The definition of upselling according to Business Dictionary.com is a ‘sales strategy where the seller will provide opportunities to purchase related products or services, often for the sole purpose of making a larger sale’.
This makes upselling sound like a dirty word and not a benefit for the client. In fact, upselling can increase your customer satisfaction and retention by providing necessary coverage through risk management techniques that will allow you to meet or surpass your customer’s satisfaction.
How many times as an insurance agent has a client asked you “Why didn’t you tell me about XYZ coverage?” after a loss?
The secret to successful upselling is to provide a potential loss scenario to the client that illustrates the possibility of loss or injury that could affect that individual client or his/her property.
Upselling should not be a sales strategy but instead a path that walks a client through specific peril filled obstacles with the idea to diminish the client’s exposure through avoidance of risk, mitigation of risk, transfer of risk and acceptance of risk.
Let’s face it, insurance is only necessary after the time of a loss.
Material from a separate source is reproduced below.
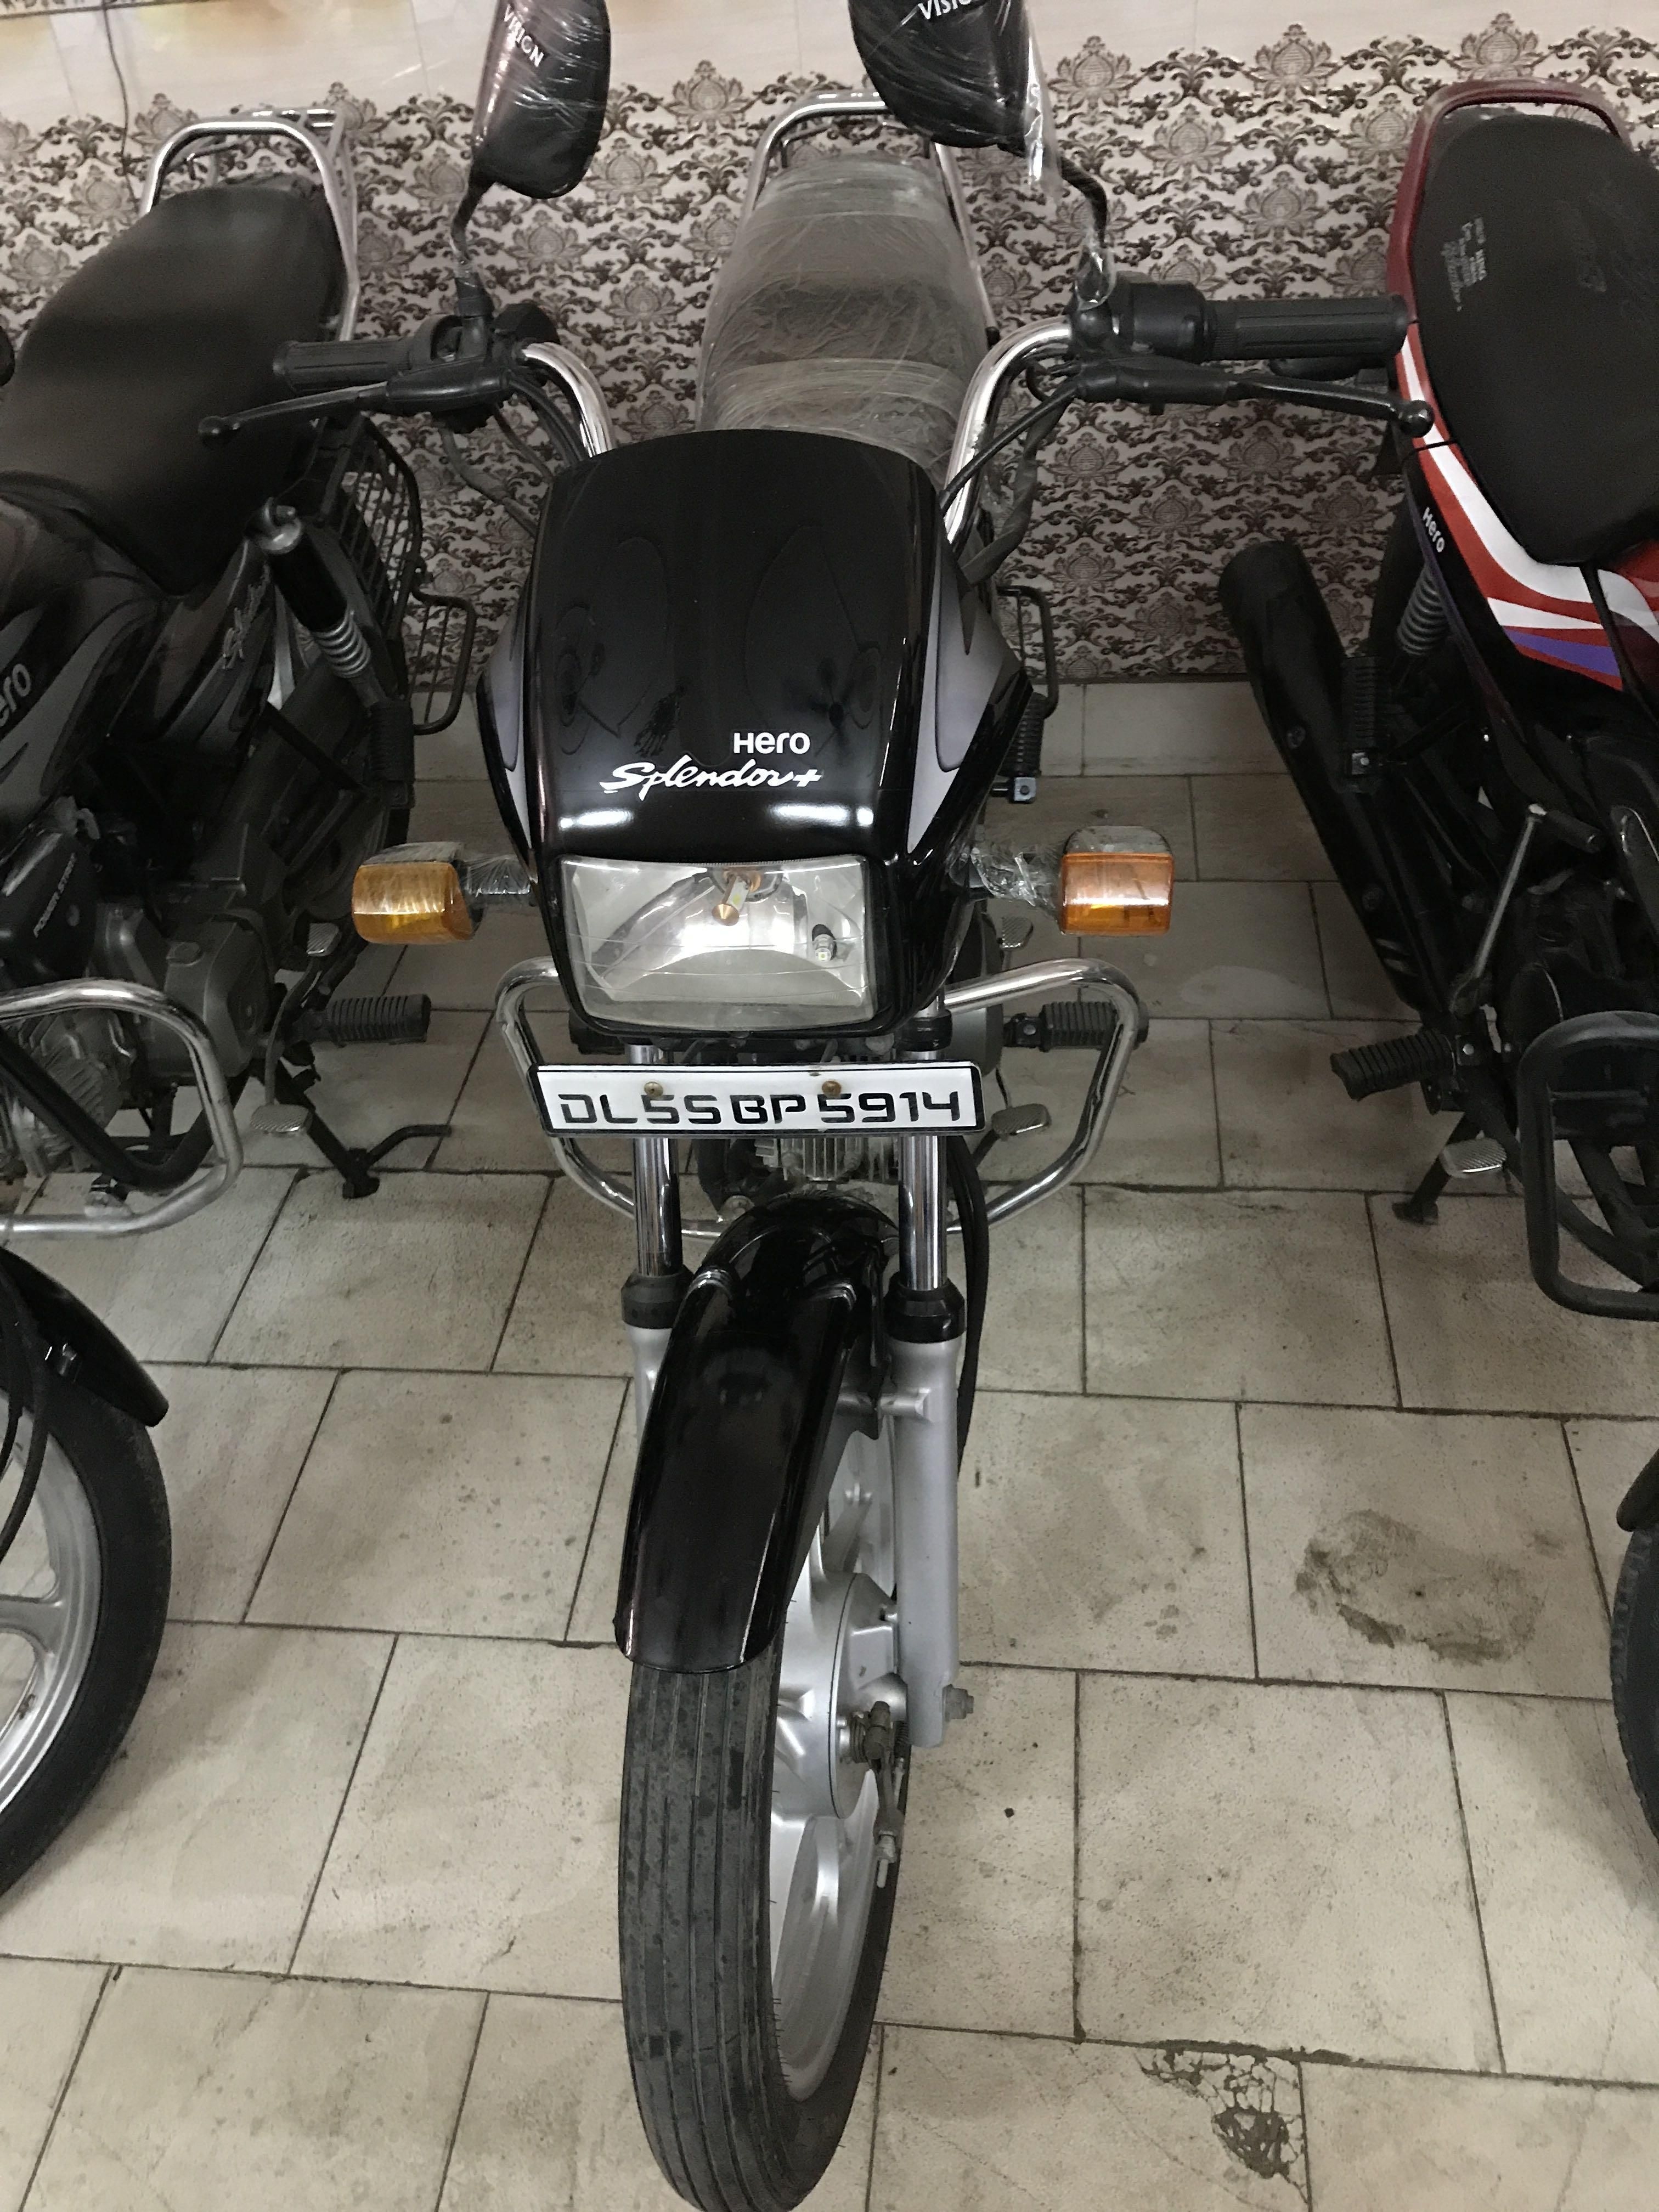 Hero Splendor Plus Bike For Sale In Delhi Id 1418748175 Droom

When the expected coverage is not there, the client blames the agent. The average agency loses around 20 percent of its non-retained clients base due to disappointment with coverage at the time of a claim. The customers that receive the proper coverage at the time of a claim are one-third more loyal than other customers.
By not upselling, an agent is failing to attend to his customer relationship and let’s not forget that the documentation of upselling is also a tactical approach for errors and omissions protection.